騎士として精神統一など基本のことであるのに、ユキのことになると統一どころの話ではなくなる。ユキの一挙一動に心を揺さぶられ、理性の糸など何度も切れては慌てて結び直している。流石に無理やりことに及ぶわけにはいかないからな。
リディアにも「そんな様子のあなたは初めて見ました。正直薄気味悪いです」と真顔で言われる始末だ。
そんな俺が一晩中ユキと共にいるのは危ないだろうと、やんわり断ろうと思えばユキはどうやら迷っている様子で。そこにリディアがとどめとばかりに続けた。
「夕食はもちろん、朝食もご一緒にいかがです?」
「……ダグ、今日は泊まっていって?」
ユキが1人の食事を寂しがっているのはリディアも俺もとうに気付いている。
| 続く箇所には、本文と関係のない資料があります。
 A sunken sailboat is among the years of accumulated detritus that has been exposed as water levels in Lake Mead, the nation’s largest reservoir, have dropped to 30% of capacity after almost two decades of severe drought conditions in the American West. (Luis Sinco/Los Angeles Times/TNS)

たまに陛下方と食べると明らかに嬉しそうだし食事量が変わるからな。
寂しそうに1人で食事を摂る様子を見ると一緒に食べたくなるが、騎士や神官はいわば従者。従者が主人と席を共にするなどできない。俺の場合も恋人としての時間であれば可能だが、護衛としての時間は不可能だ。
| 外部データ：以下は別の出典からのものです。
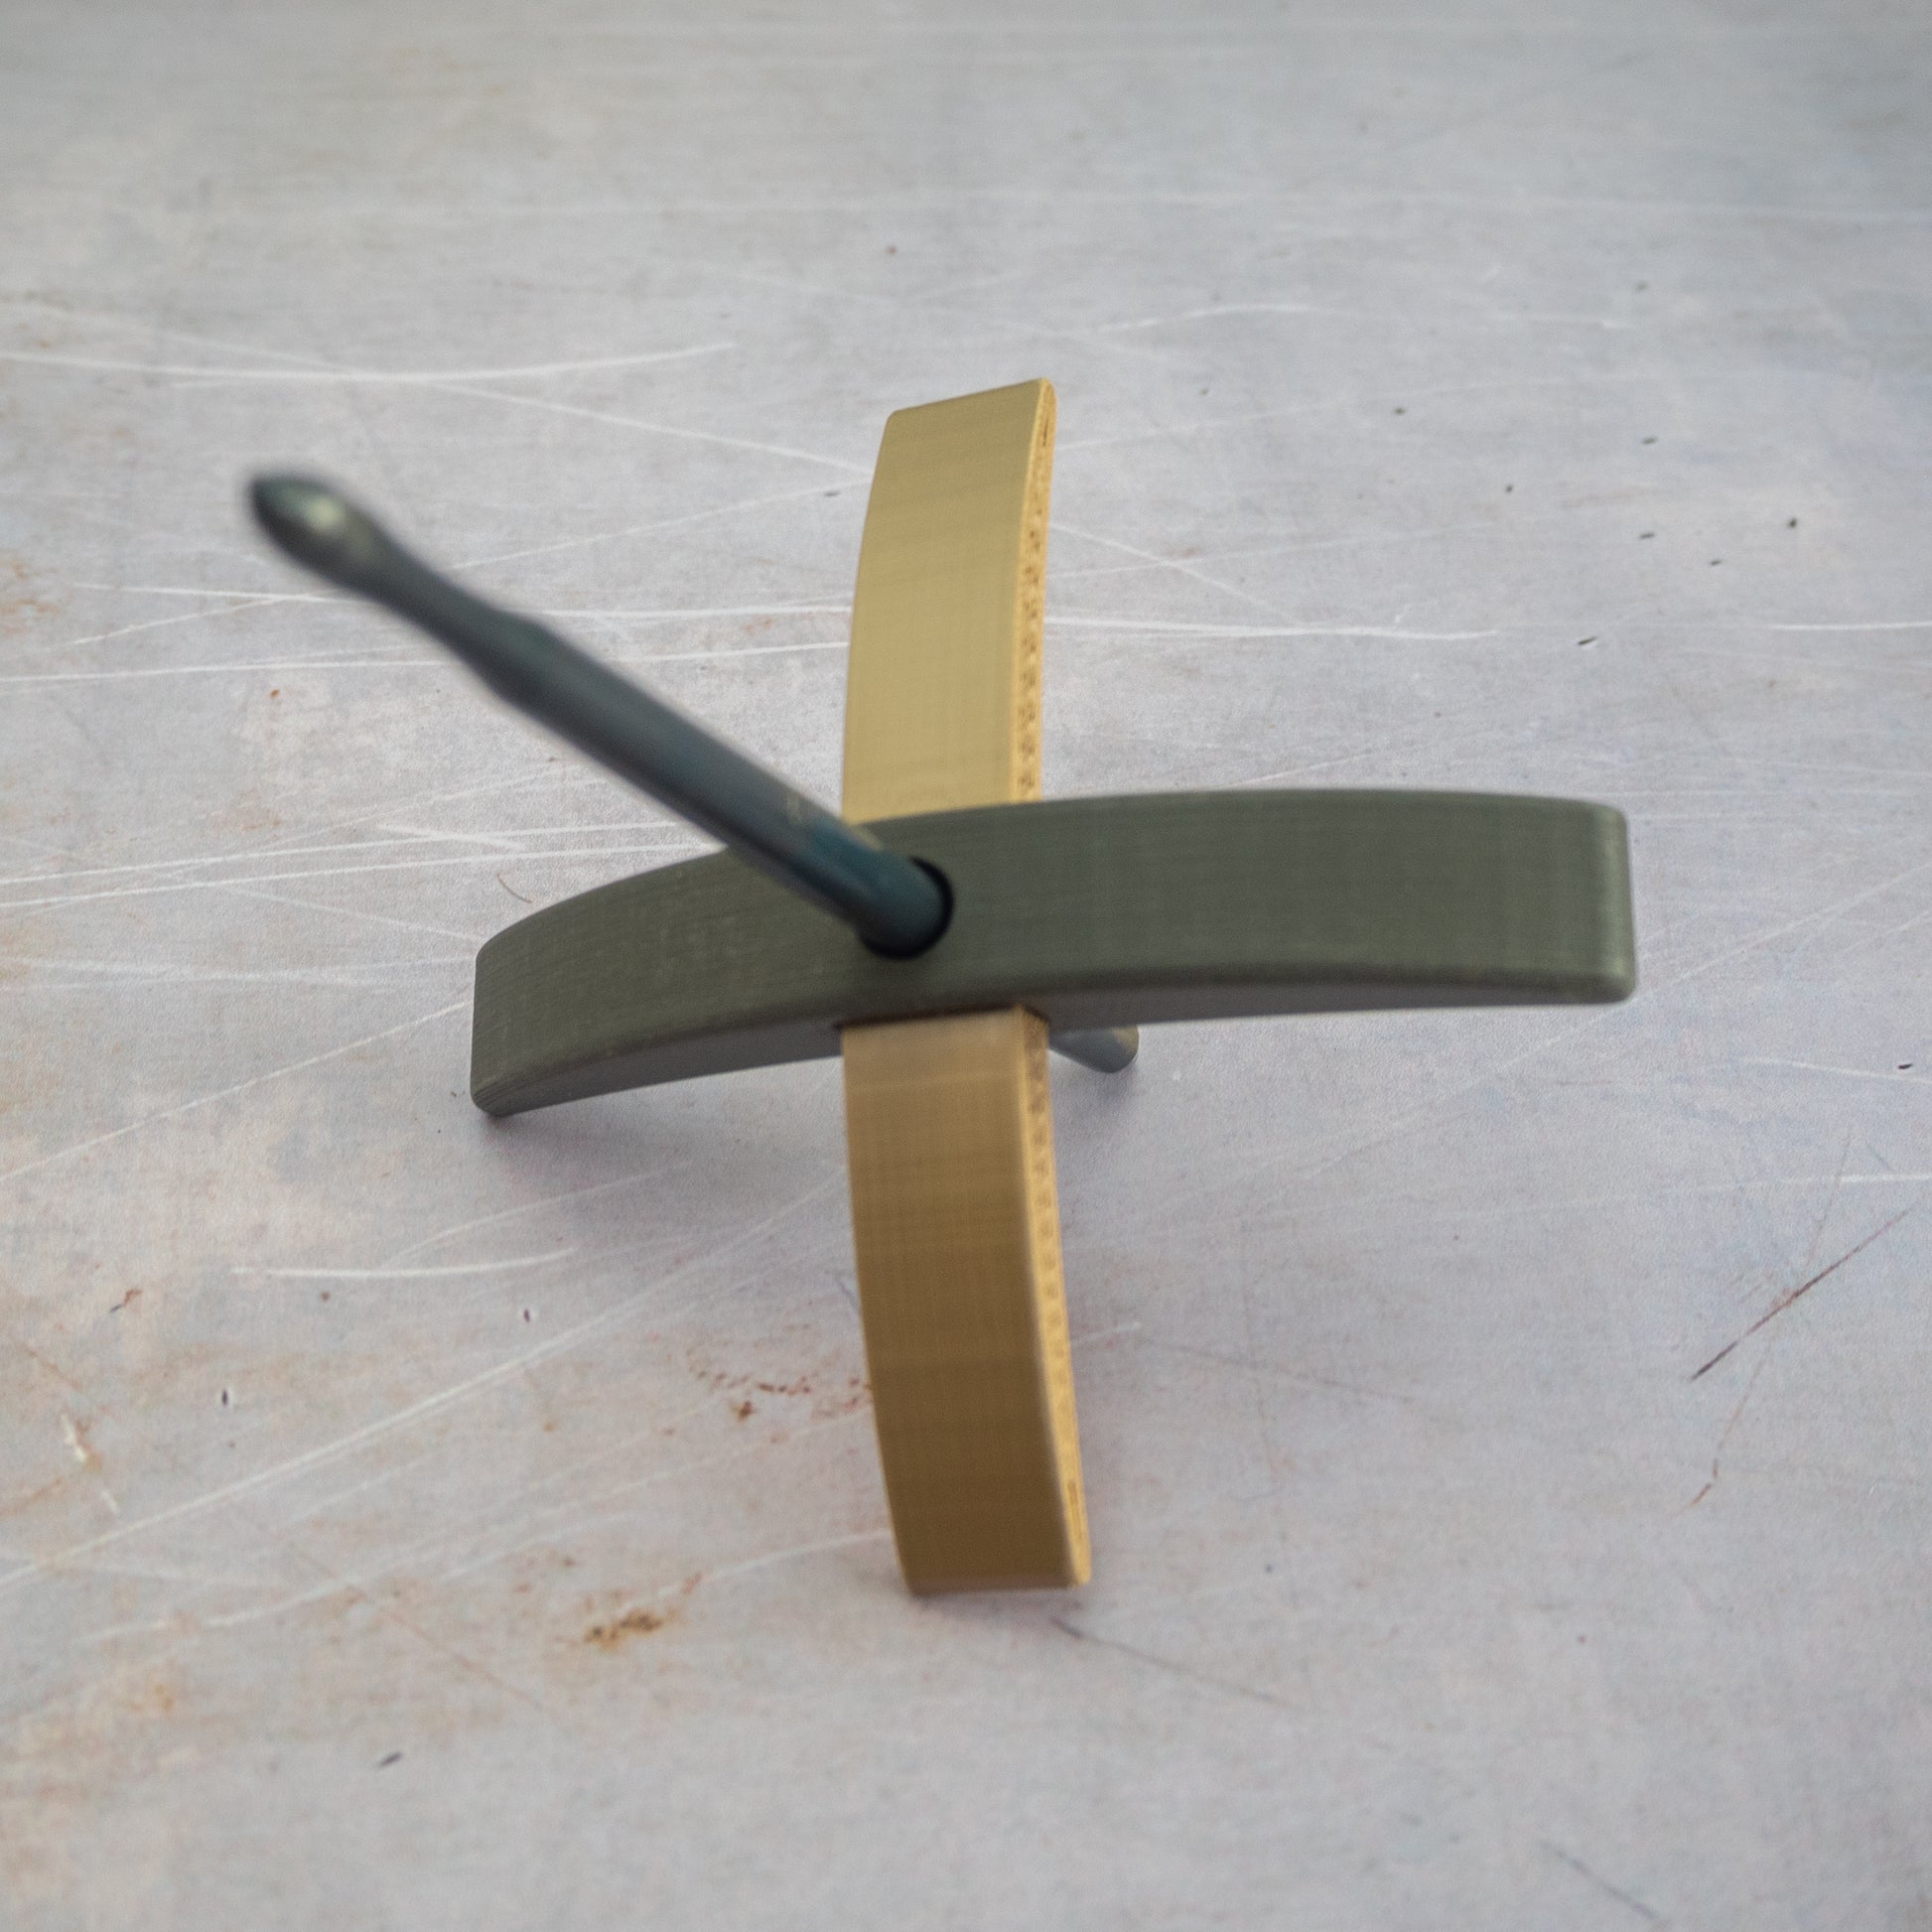 A midi-sized 3D printed Turkish spindle in slate and gold

ユキを見ていると規則なんざ破ってしまおうかとも思えてくるが、実際に破ってしまえば従者として相応しくないと専属を外されるやもしれない。陛下方はご理解下さるだろうが、他から声が上がればどうしようもなくなる場合だってある。神子の専属という座を狙っている者はかなり多いからな。下手な輩を近づけさせないためにも、俺たちは規則を守らざるを得ない。ゆえにユキは殆どの食事を1人でとることになってしまうのだ。
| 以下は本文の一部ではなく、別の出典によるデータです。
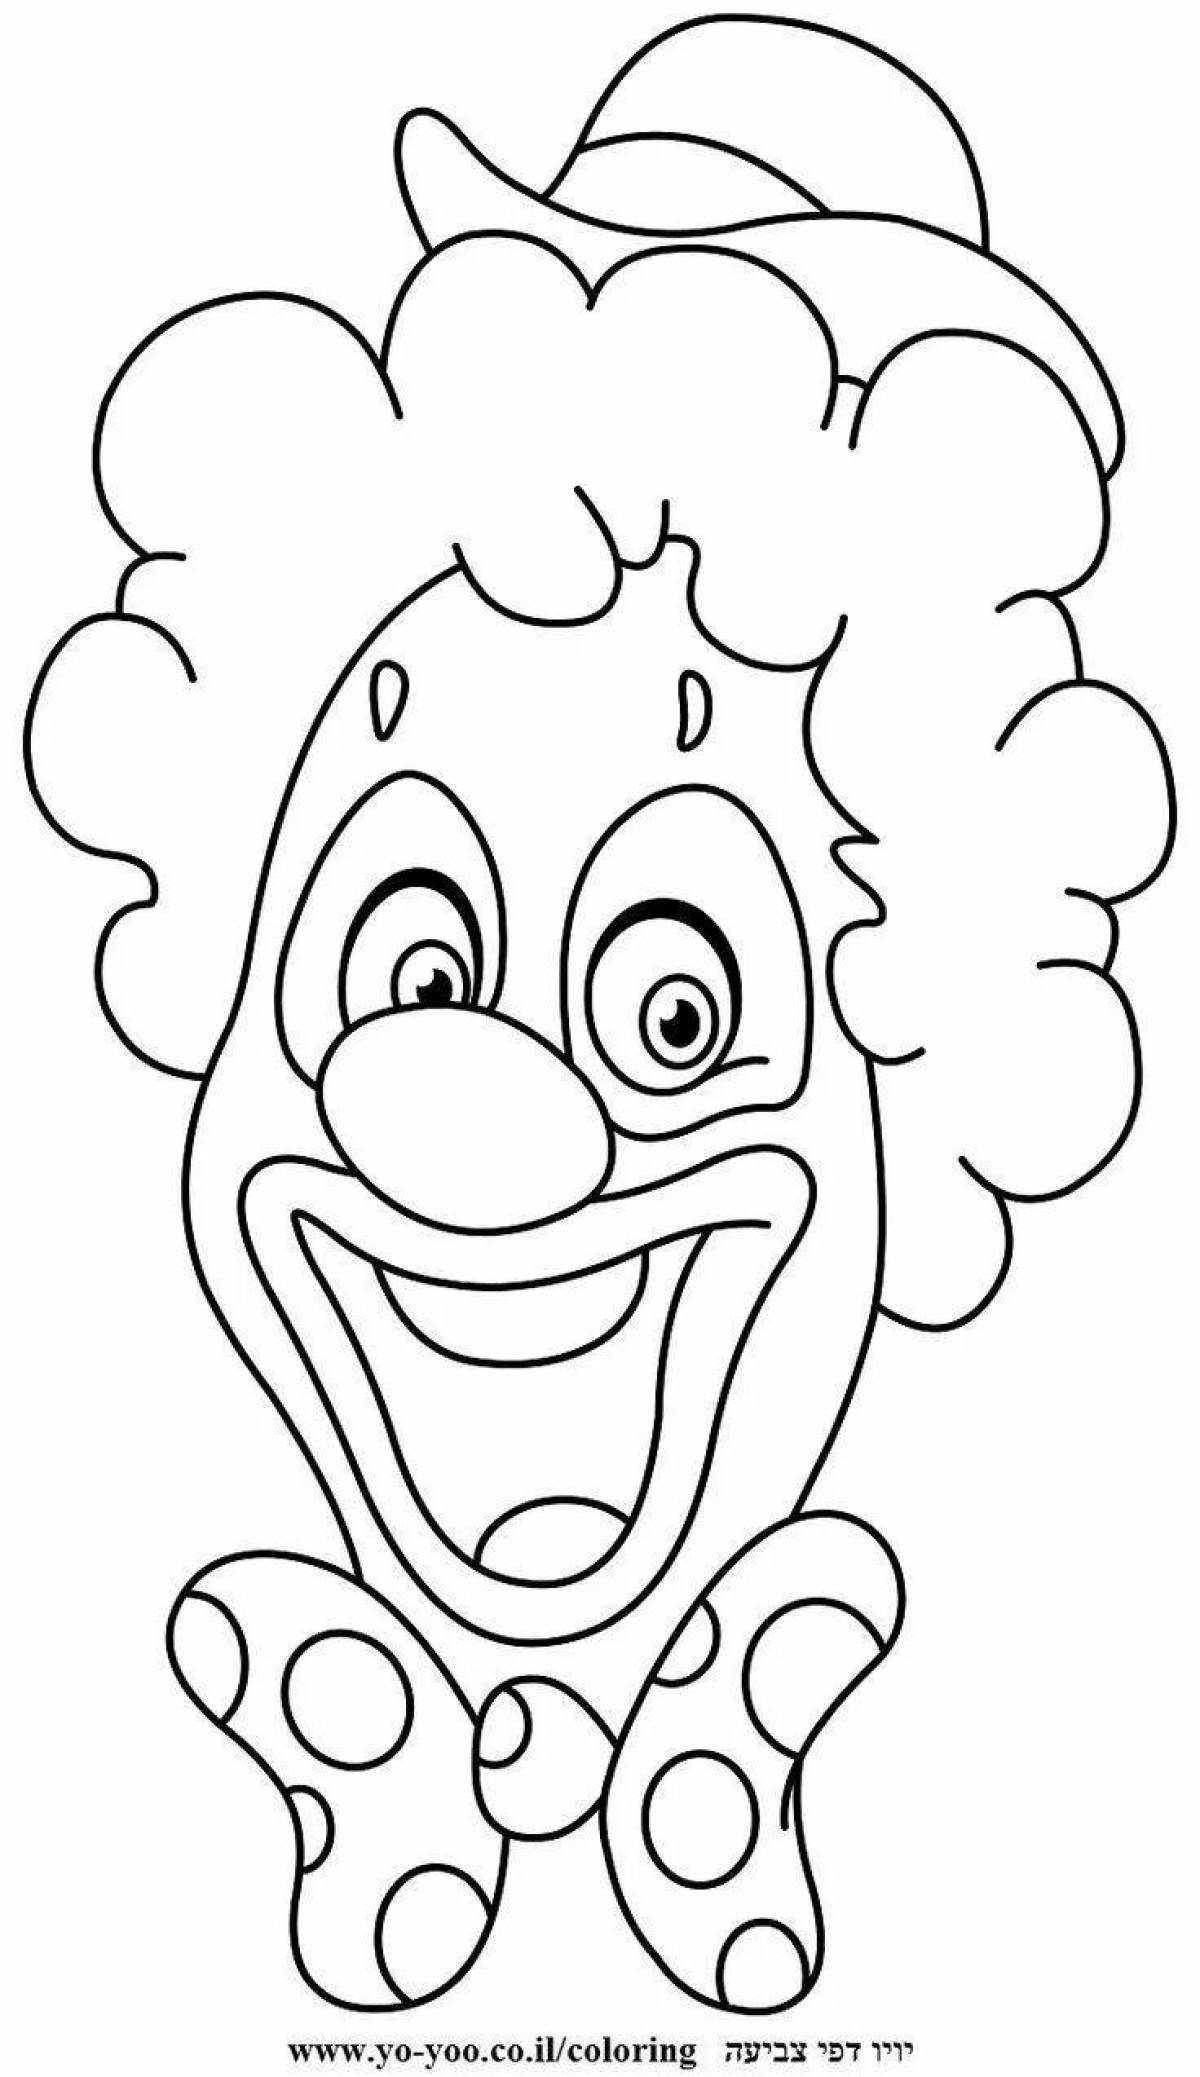 Playful clown face coloring page

だからこそ、ユキにとって食事を共にするということはそれほど嬉しい行為となる。そんなユキが朝食まで共にできると言われれば俺を泊まらせることに賛成するのは当然、か……
……くそ、可愛い恋人のお願いを無視できるわけがないだろう! 今日は理性との戦い、だな……いや、夜はカウチを貸して貰えばなんとか……
「……わかった、泊まらせてもらう」
そういえば嬉しそうに微笑むユキ。この表情が見れるならもういくらでも我慢できる……と己に言い聞かせる。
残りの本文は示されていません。